Я подумал не без гордости: нет, не только охламоны и чудаки жили в нашей стране, с нами на пароходе умы, которые вполне могут дать фору какому-нибудь маститому сенатору.
— Между тем, — продолжал он, — обстоятельства не таковы, чтобы командование, потеряв осторожность и бдительность, могло раскрыть все свои карты, пуститься в дискуссии, что разделило бы нас на партии и группки (воистину так!)… и в итоге могли бы забыть в пылу многомудрых речей, почему мы именно здесь, какая цель объединила нас, какие усилия нам следует сделать, чтобы цель не осталась, увы, только мечтой. (Пора переходить оратору к делу! И он перешел к делу.) Во время подготовки акции, увы, возникли непредвиденные трудности, что существенным образом отразилось на финансовых затратах. При всем искусстве организаторов проекта, — сказал мой гость, требуя взглядом от меня признания этого факта, и я ответно кивнул с чистой совестью, — при всей рачительности и бережливости в расходовании средств, проект вышел за пределы наличных возможностей. Например, скажу вам по секрету, мы испытываем нехватку некоторых круп. Вы могли заметить, что в рационе в последнее время не встречается рис, а к чаю вместо печенья нам выдается дополнительно два ломтика белого хлеба. В сложившейся ситуации руководство корабля решило воззвать к пассажирам…

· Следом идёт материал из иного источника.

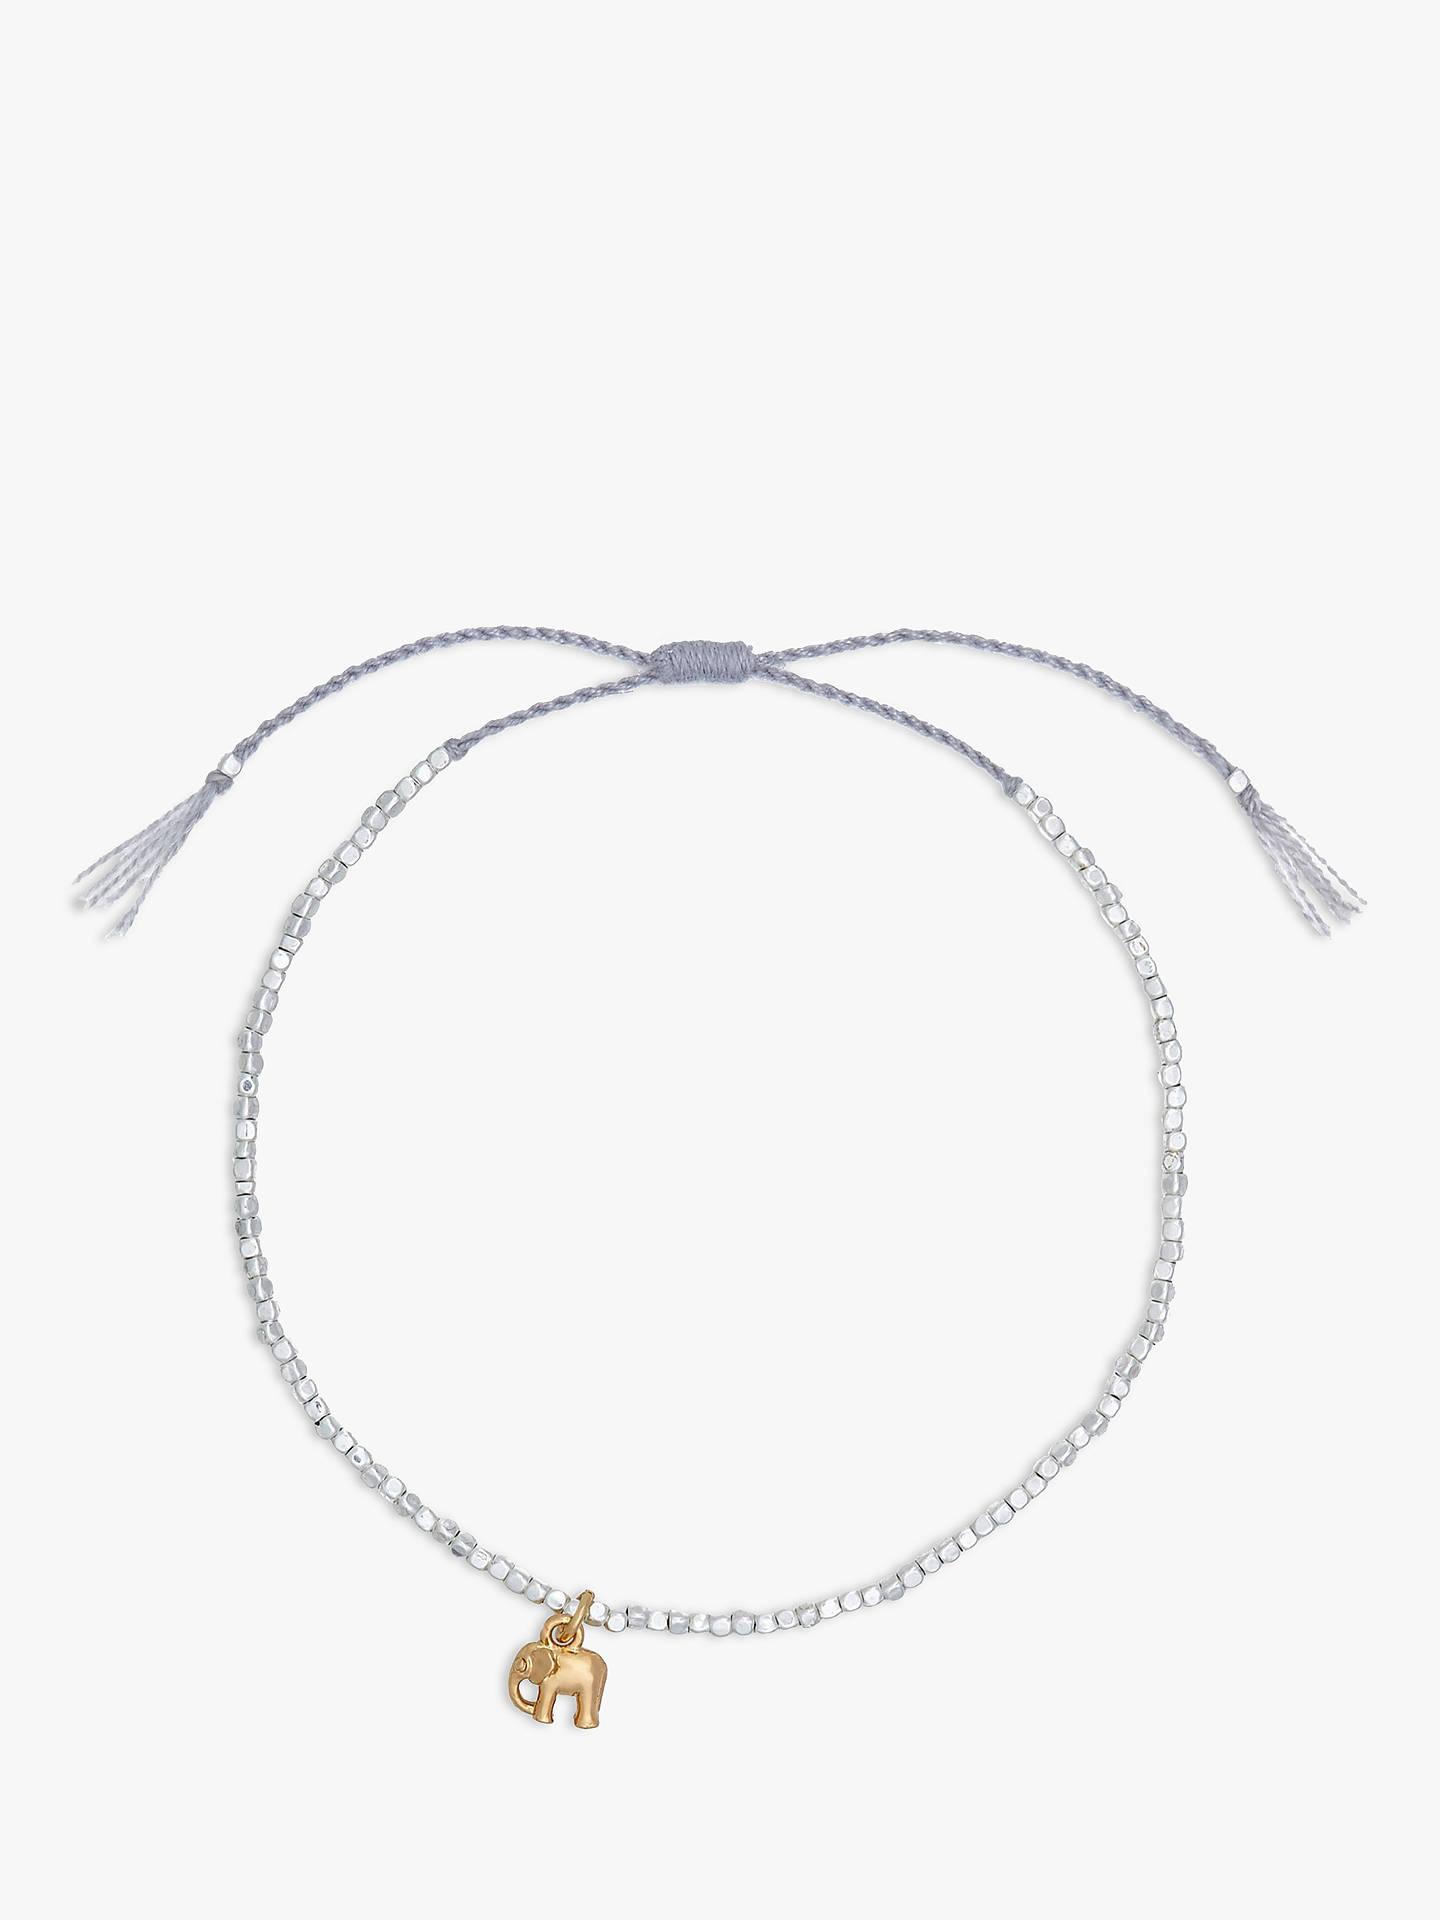 Estella Bartlett Louise Elephant Charm Bracelet Silver Gold Online At Johnlewis

Слово «воззвать» произвело на меня впечатление «трубного гласа». Это там, на берегу, мы жили с начальством как кошки с собаками — здесь все иначе. Руководство судна ради нас, пассажиров, пошло на великий риск. Какие могут быть сомнения! Мы всеми силами должны откликнуться на воззвание руководства и его поддержать. Мы вступаем в новую жизнь, в которой нас должно связать духовное единство.

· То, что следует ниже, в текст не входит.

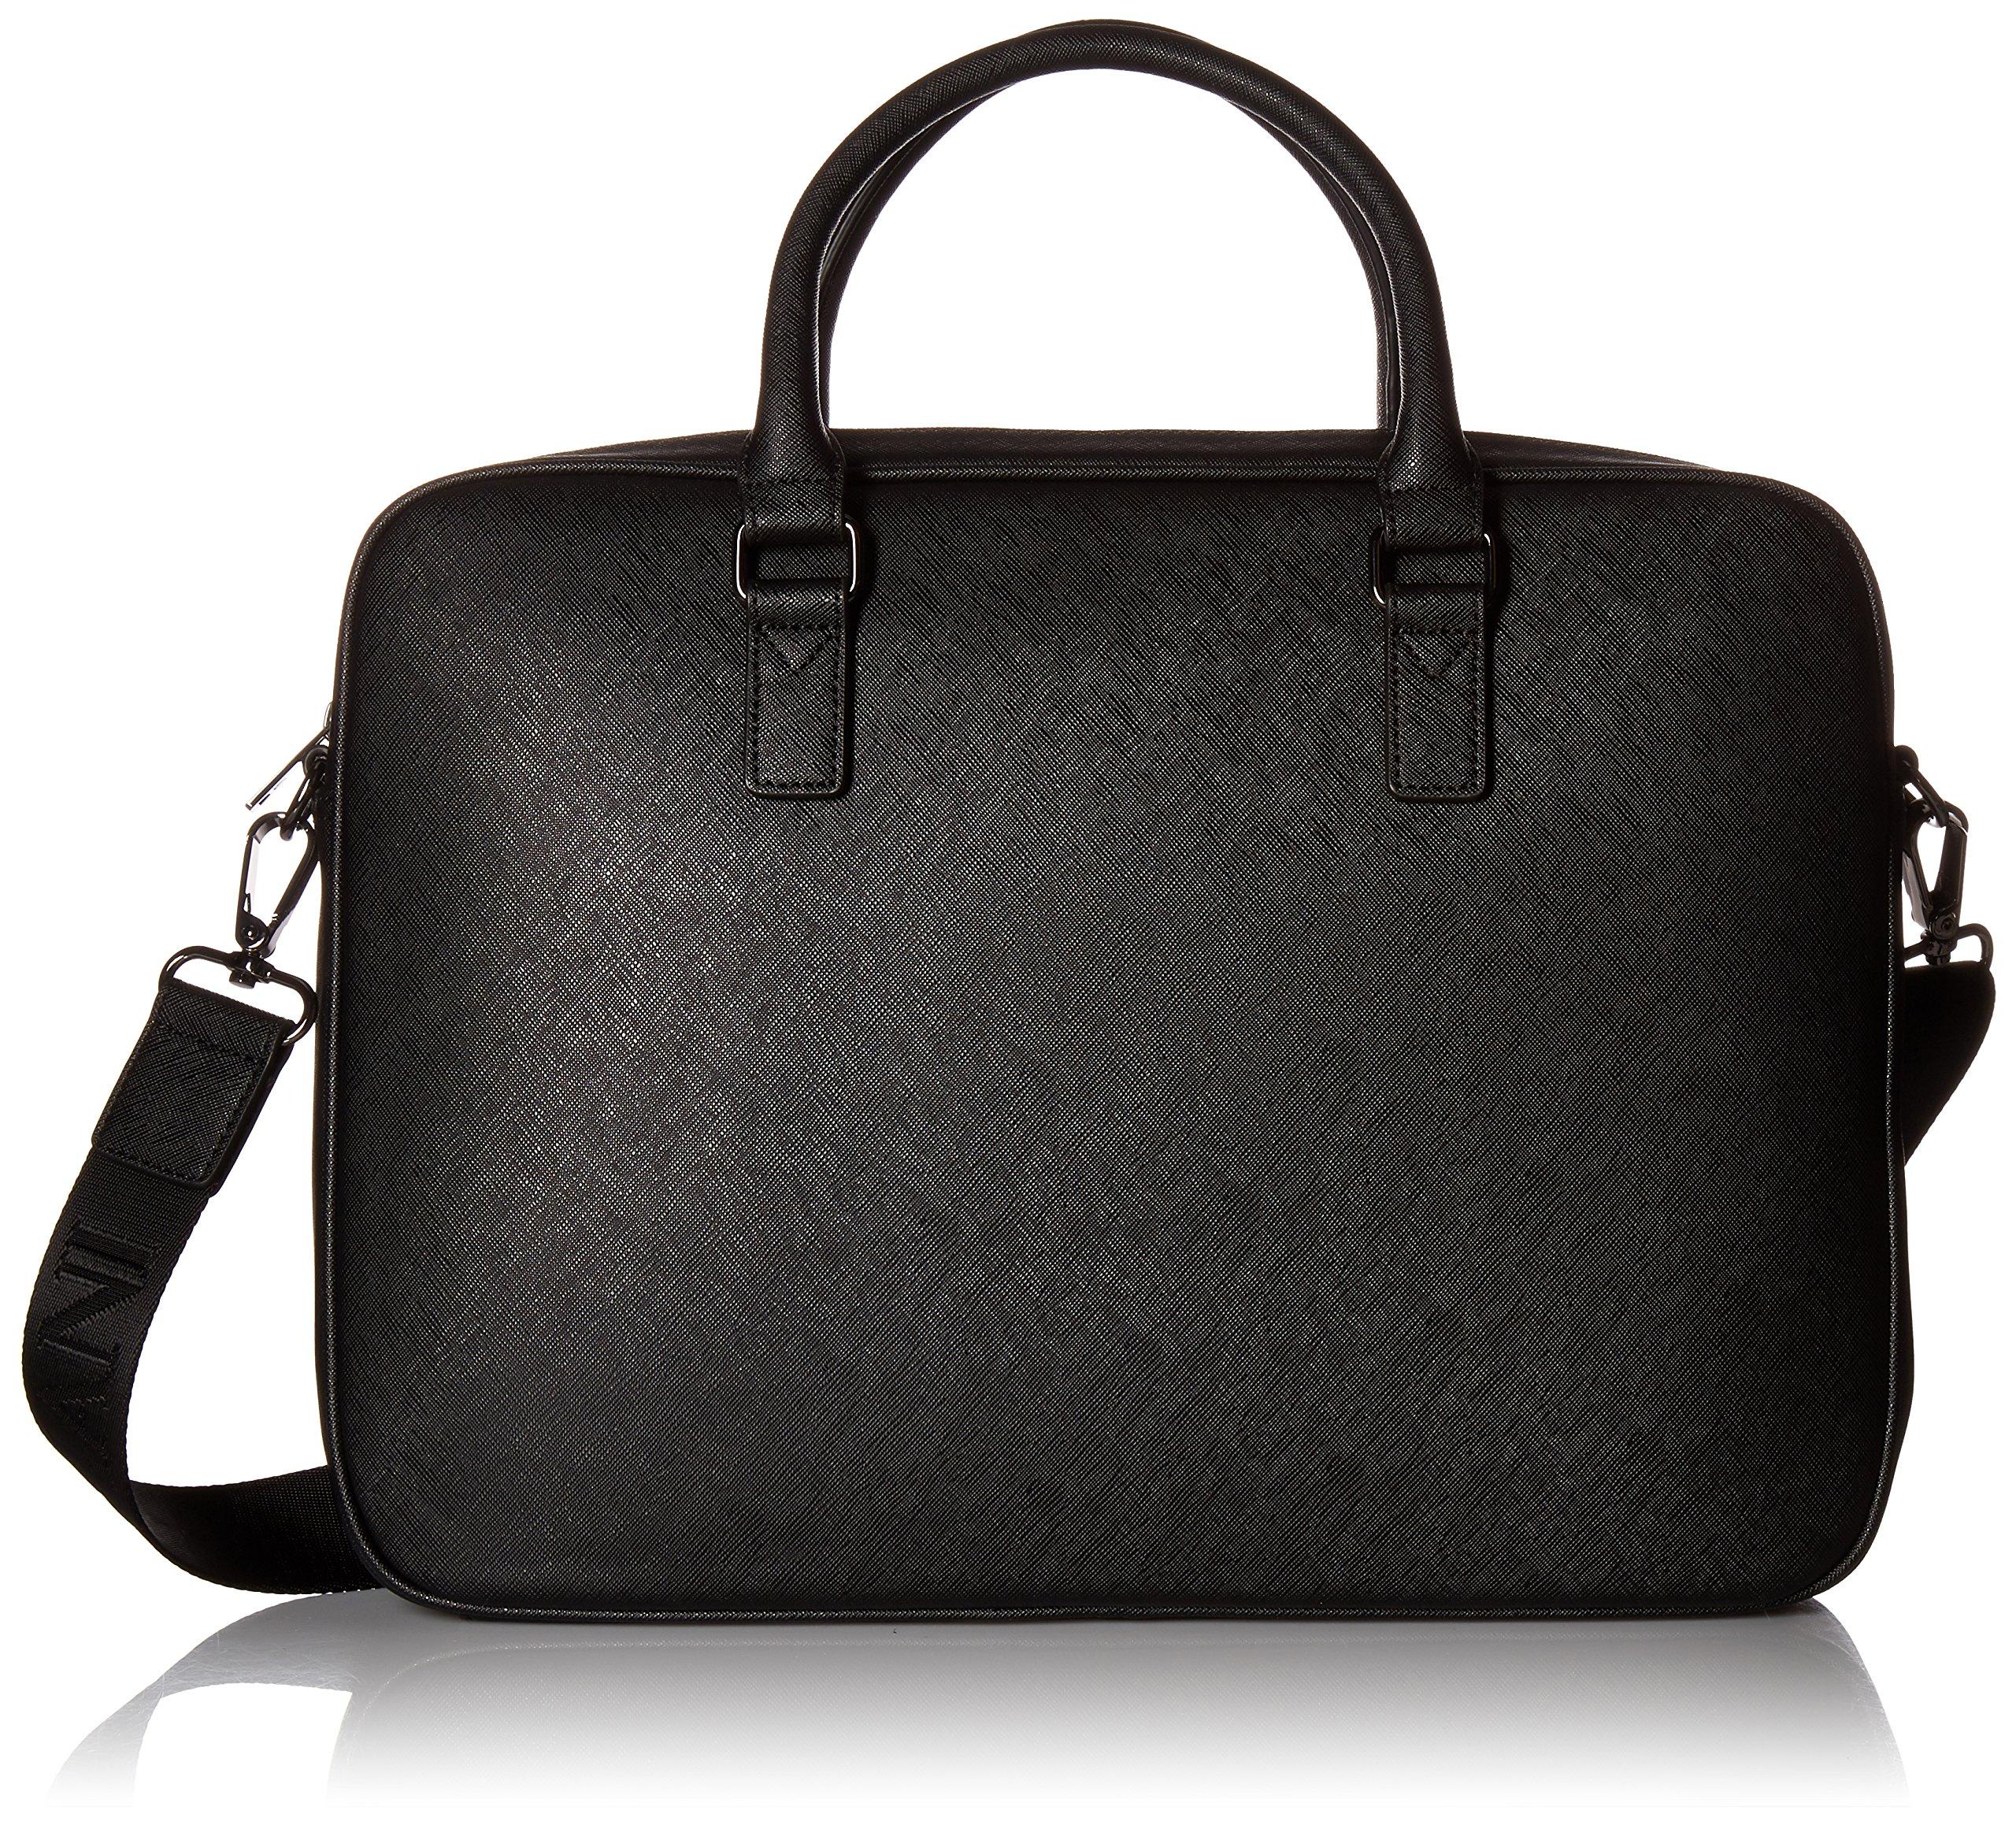 Armani Exchange Men's Saffiano Embossed Briefcase, Black

Я еще только подумал о духовном единстве, как мой гость сам заговорил о нем с большим воодушевлением. Я с нетерпением перебил его:
— Какой взнос я должен сделать?
— Я не называю сумму. Видите эту книгу? В нее я записываю то, что каждый пассажир в состоянии дать.
Я с любопытством заглянул в эту книгу. Там шел список фамилий, против которых были проставлены: суммы денег, названия вещей, пожертвованных на общее дело, — кольца, браслеты, сережки, облигации… Мне стало стыдно тех расчетов, которые я уже начал производить в голове: что я пожертвую, а что оставлю себе, — мы разом должны очиститься — очистить от прежней жизни клетки своего мозга и рефлексы старых чувств, вывернуть себя наизнанку и выбить из себя пыль жалкого старого существования. Я выбросил на одеяло койки отпускные деньги, дедовские карманные часы в серебряном корпусе и золотой крестик, найденный в бане год назад. Очистил все свои карманы и кармашки.
Сборщик с удовлетворением мои пожертвования заносил в книгу. Прежде чем ее закрыть, он бросил взгляд на фотоаппарат, который видел висящим на ремешке рядом с полотенцем.
— Я вас понимаю, — сказал он. — Всем нам захочется запечатлеть первые впечатления на…
Я не дал ему договорить:
— Туда же, туда же! — крикнул я, отправляя на койку свой старый ФЭД.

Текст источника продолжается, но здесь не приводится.